● Supplied data:
- Opening Delimiter -

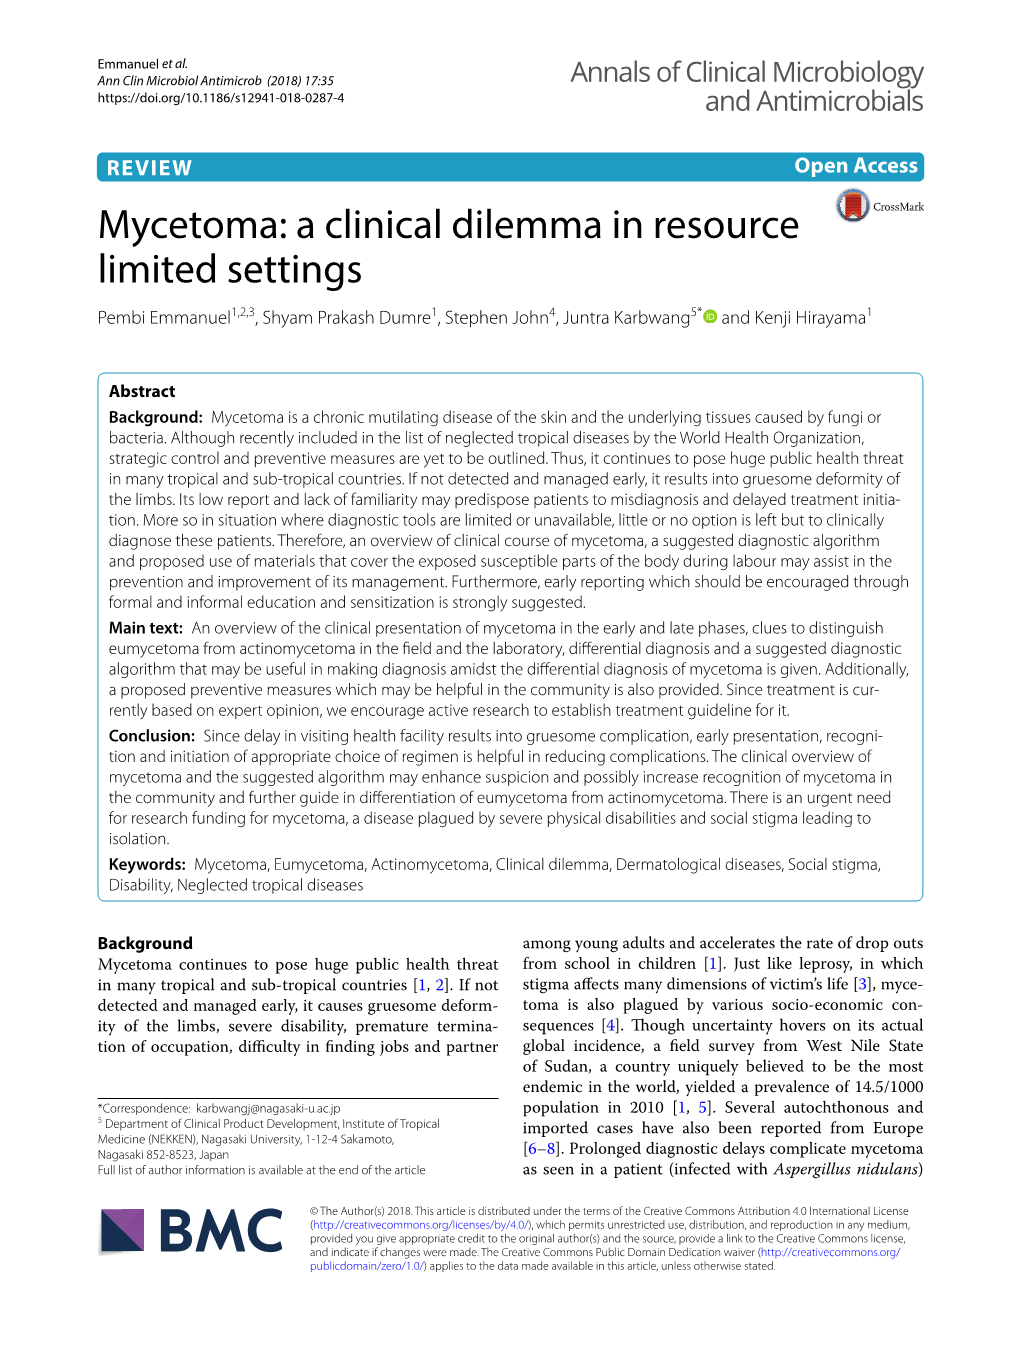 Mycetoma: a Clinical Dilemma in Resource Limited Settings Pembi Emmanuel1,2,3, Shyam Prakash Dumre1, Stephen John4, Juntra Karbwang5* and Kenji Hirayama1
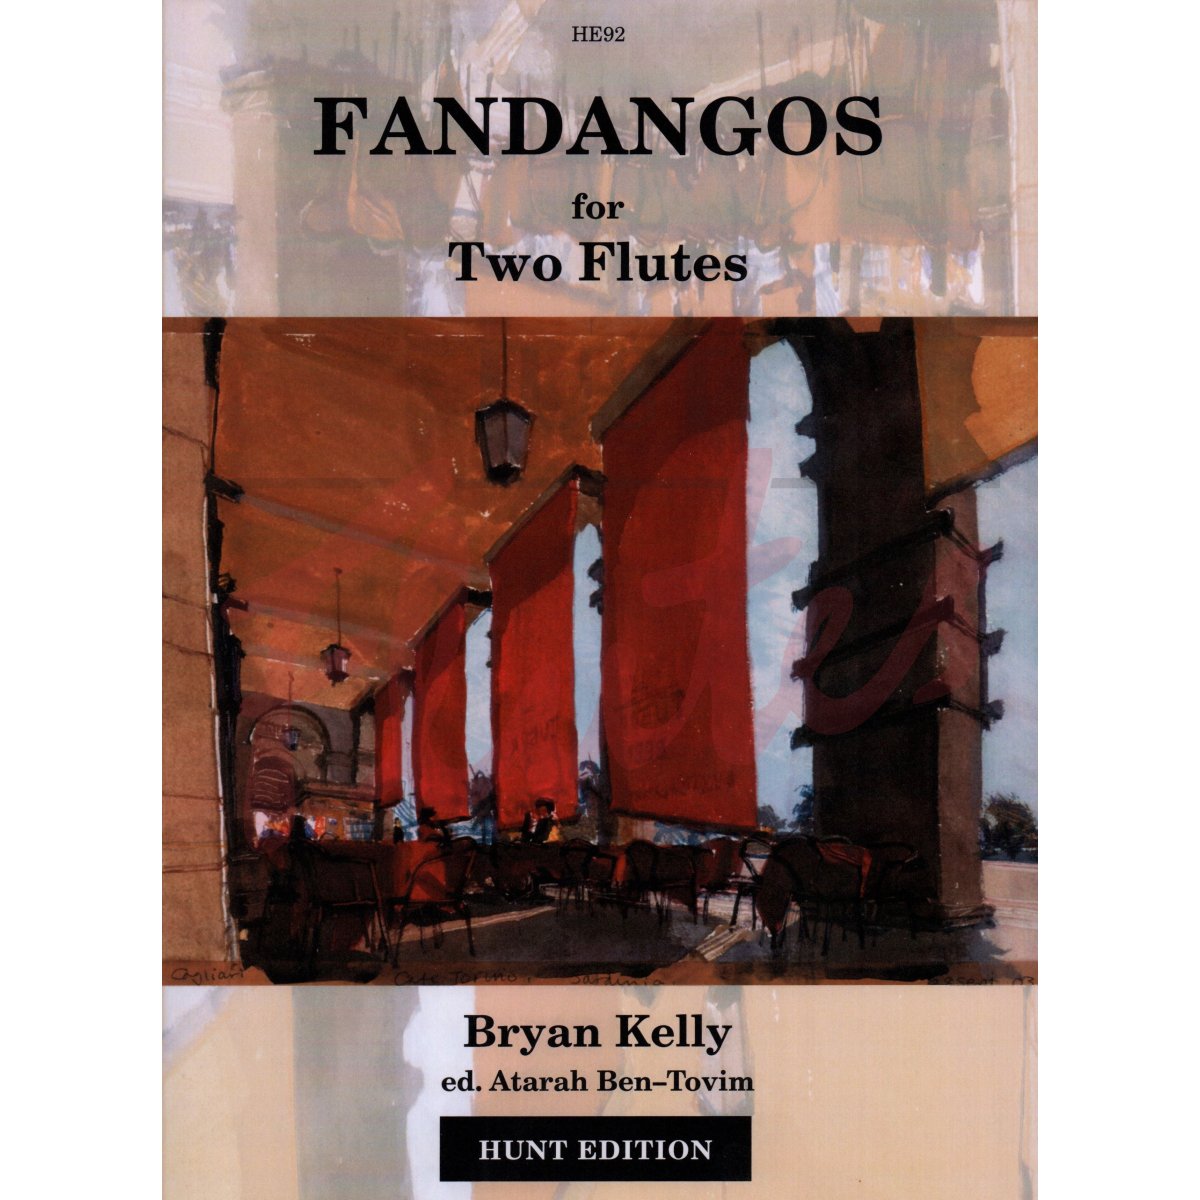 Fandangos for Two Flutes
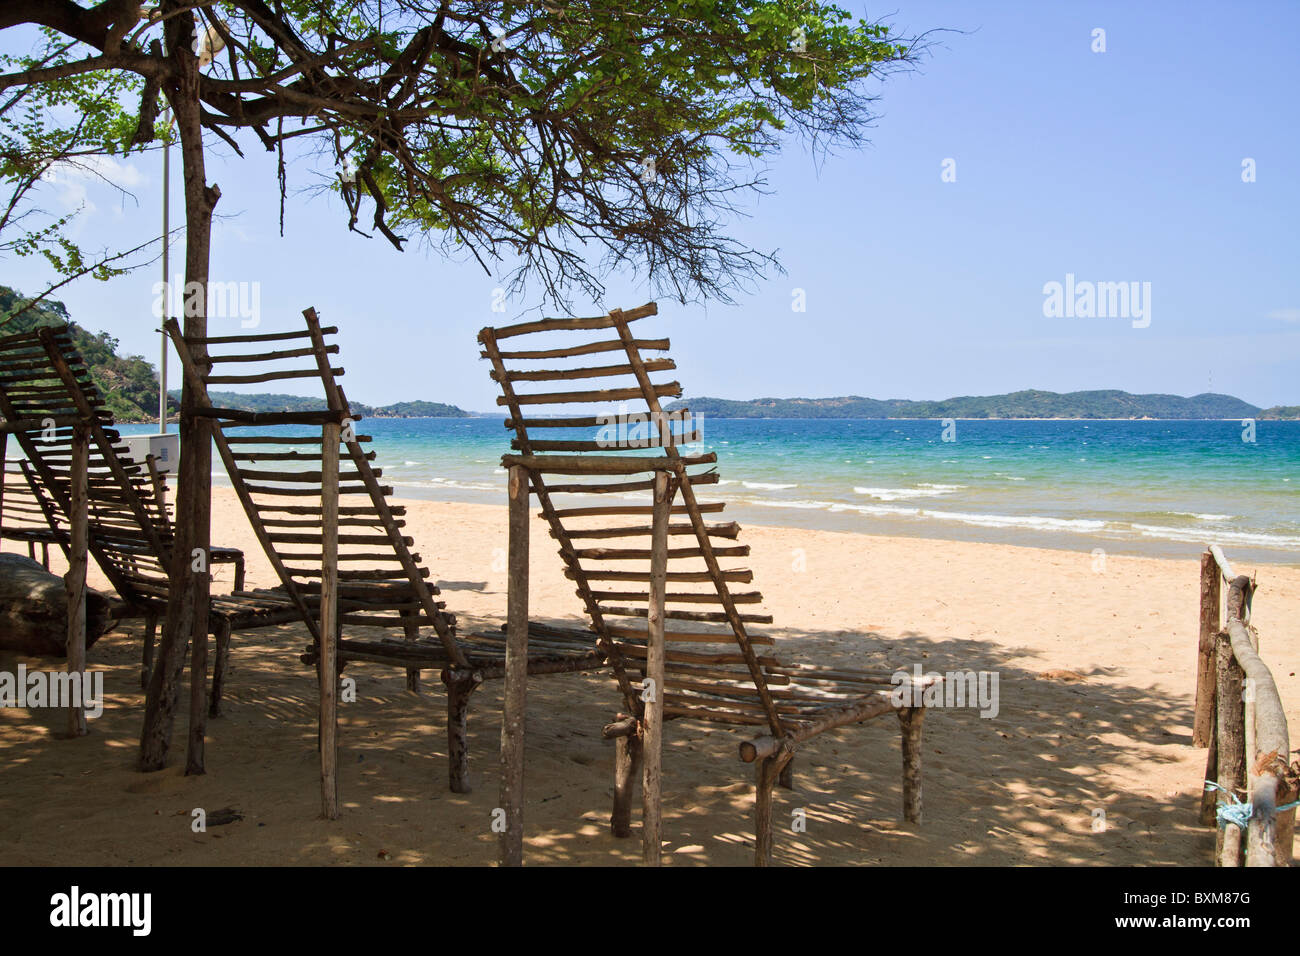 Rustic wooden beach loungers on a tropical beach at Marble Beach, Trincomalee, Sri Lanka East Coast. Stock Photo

- Closing Delimiter -

● Task details:
The images are to be left out; every line above should be set down exactly.

● Reply:
 Mycetoma: a Clinical Dilemma in Resource Limited Settings Pembi Emmanuel1,2,3, Shyam Prakash Dumre1, Stephen John4, Juntra Karbwang5* and Kenji Hirayama1
 Fandangos for Two Flutes
 Rustic wooden beach loungers on a tropical beach at Marble Beach, Trincomalee, Sri Lanka East Coast. Stock Photo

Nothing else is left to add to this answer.